§ **WHAT TO DO**
Starting with the line that has "And sheâs done!" in the records below and stopping after the line that has "INstallation view of", output every line exactly and nothing else; skip pictures.

§ **TASK INPUTS**
□ □ □ □ □
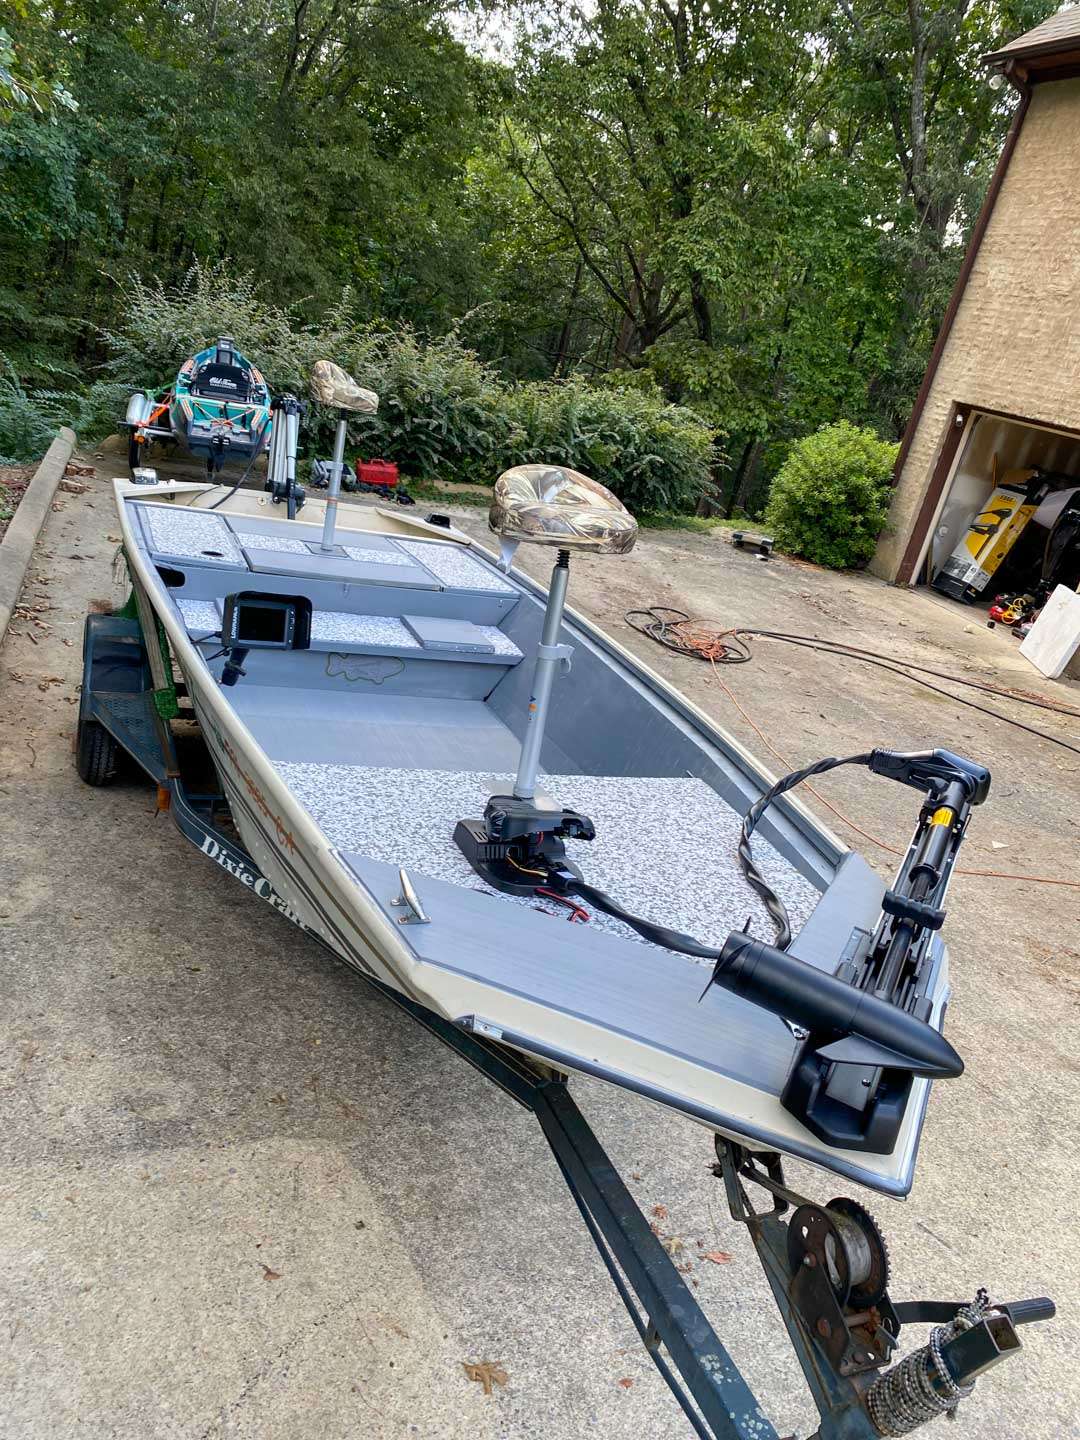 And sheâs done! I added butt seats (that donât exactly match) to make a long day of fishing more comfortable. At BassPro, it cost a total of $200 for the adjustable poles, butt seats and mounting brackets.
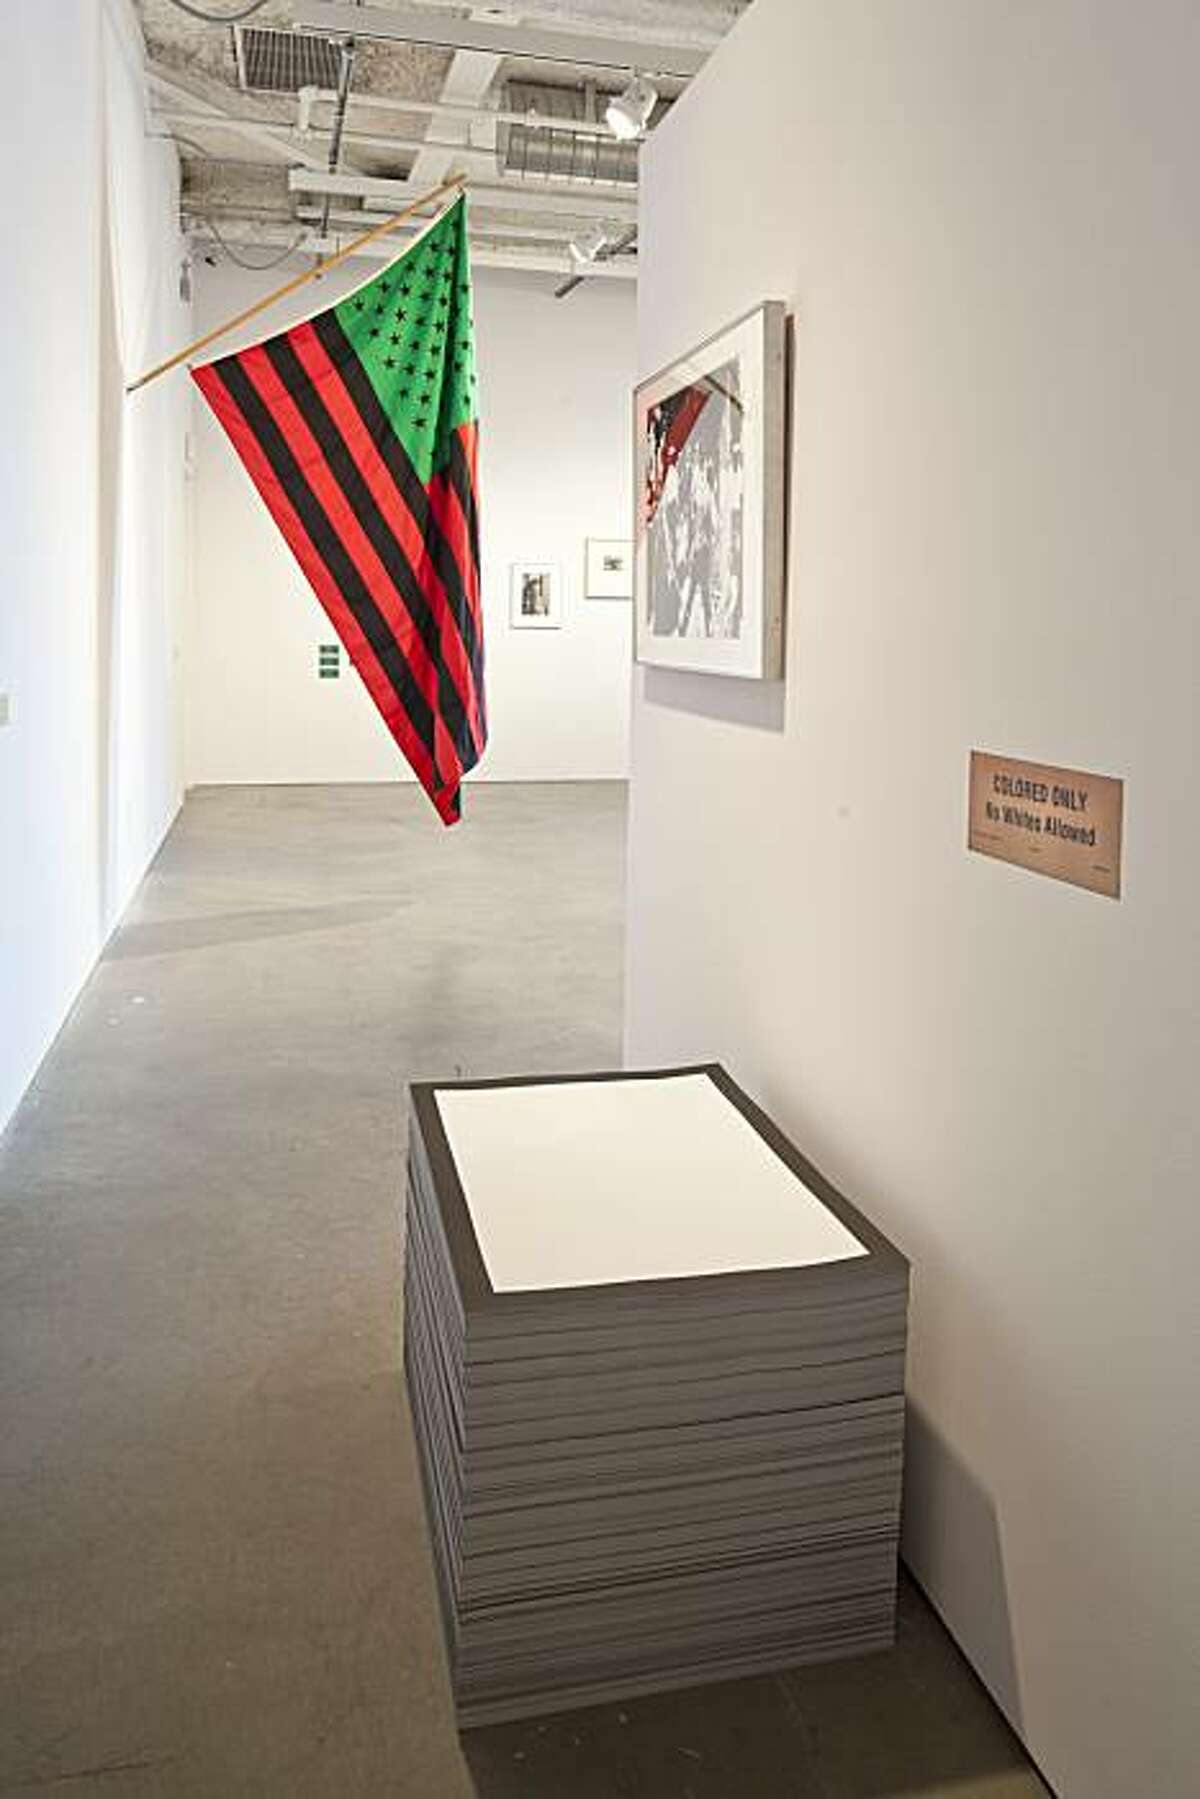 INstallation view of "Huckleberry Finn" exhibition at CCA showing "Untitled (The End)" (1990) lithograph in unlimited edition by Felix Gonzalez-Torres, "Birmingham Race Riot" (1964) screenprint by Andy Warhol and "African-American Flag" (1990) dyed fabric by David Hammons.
□ □ □ □ □
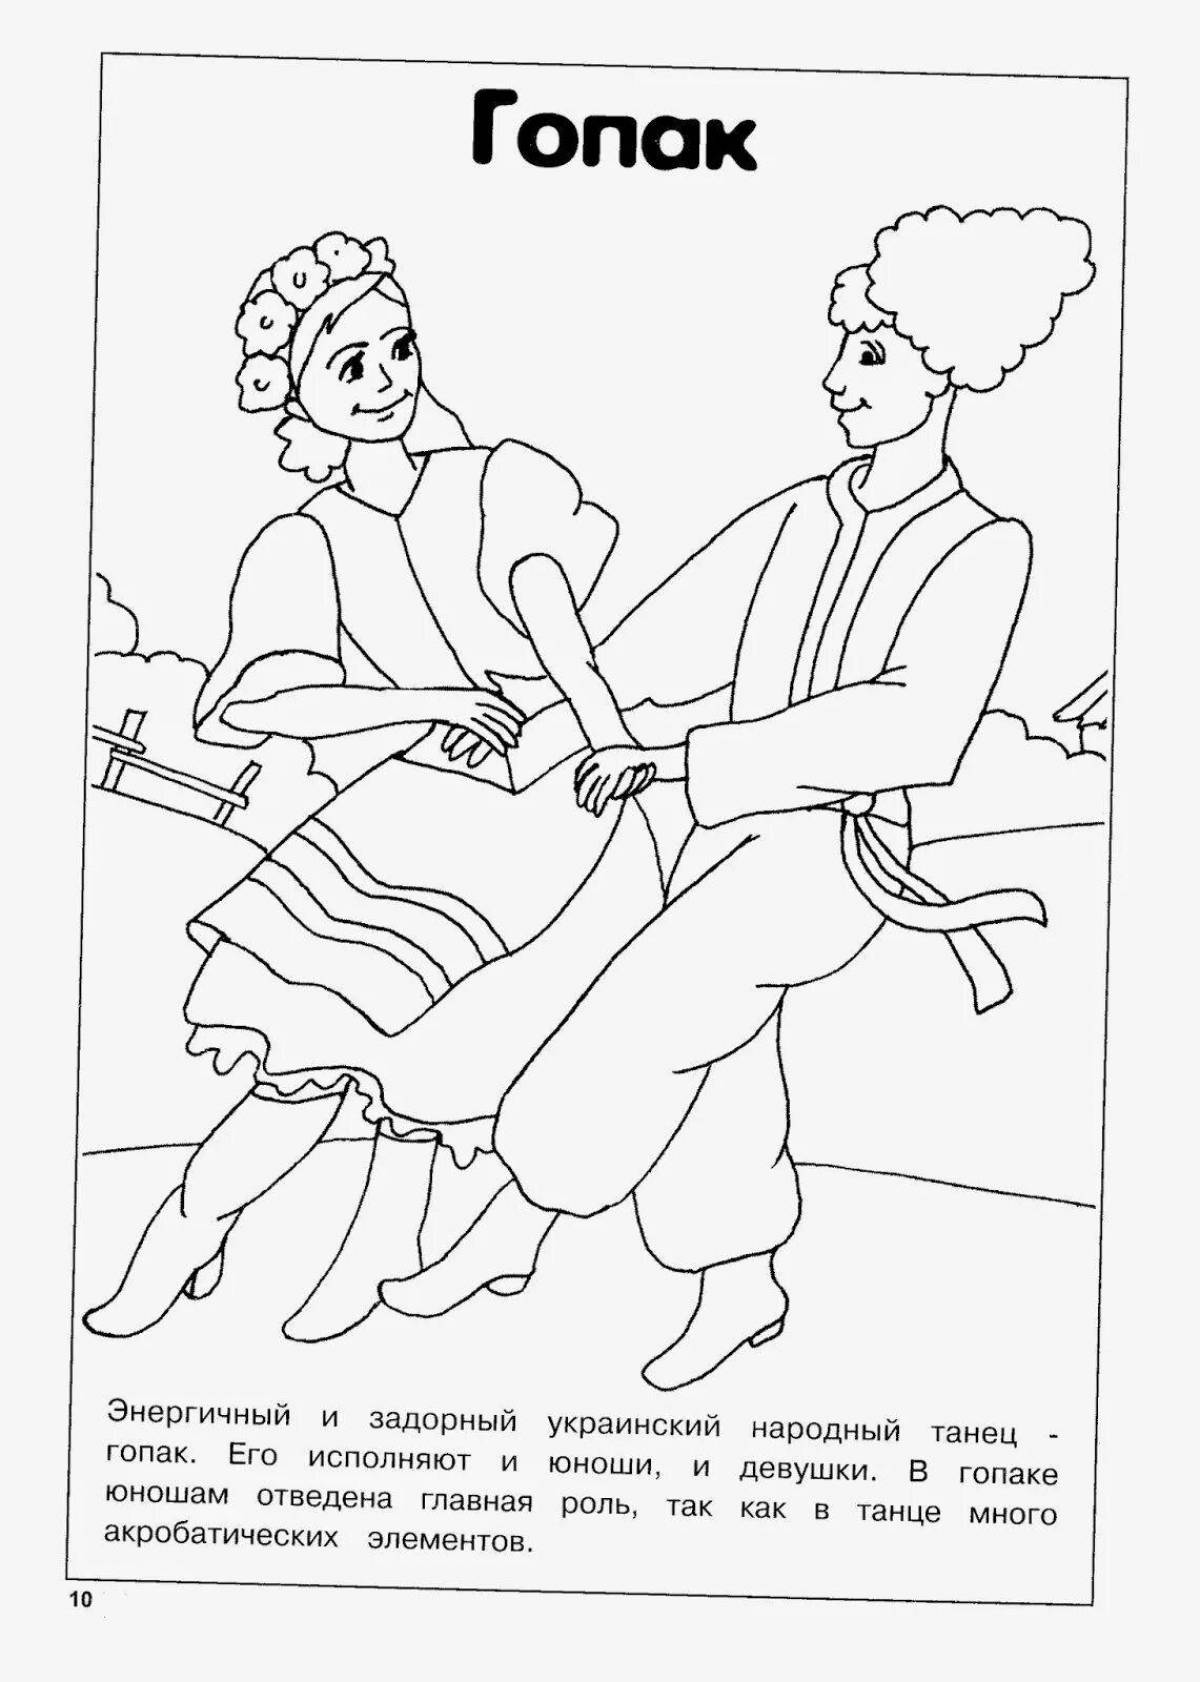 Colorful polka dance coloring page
□ □ □ □ □
§ **ANSWER SPACE**
 And sheâs done! I added butt seats (that donât exactly match) to make a long day of fishing more comfortable. At BassPro, it cost a total of $200 for the adjustable poles, butt seats and mounting brackets.
 INstallation view of "Huckleberry Finn" exhibition at CCA showing "Untitled (The End)" (1990) lithograph in unlimited edition by Felix Gonzalez-Torres, "Birmingham Race Riot" (1964) screenprint by Andy Warhol and "African-American Flag" (1990) dyed fabric by David Hammons.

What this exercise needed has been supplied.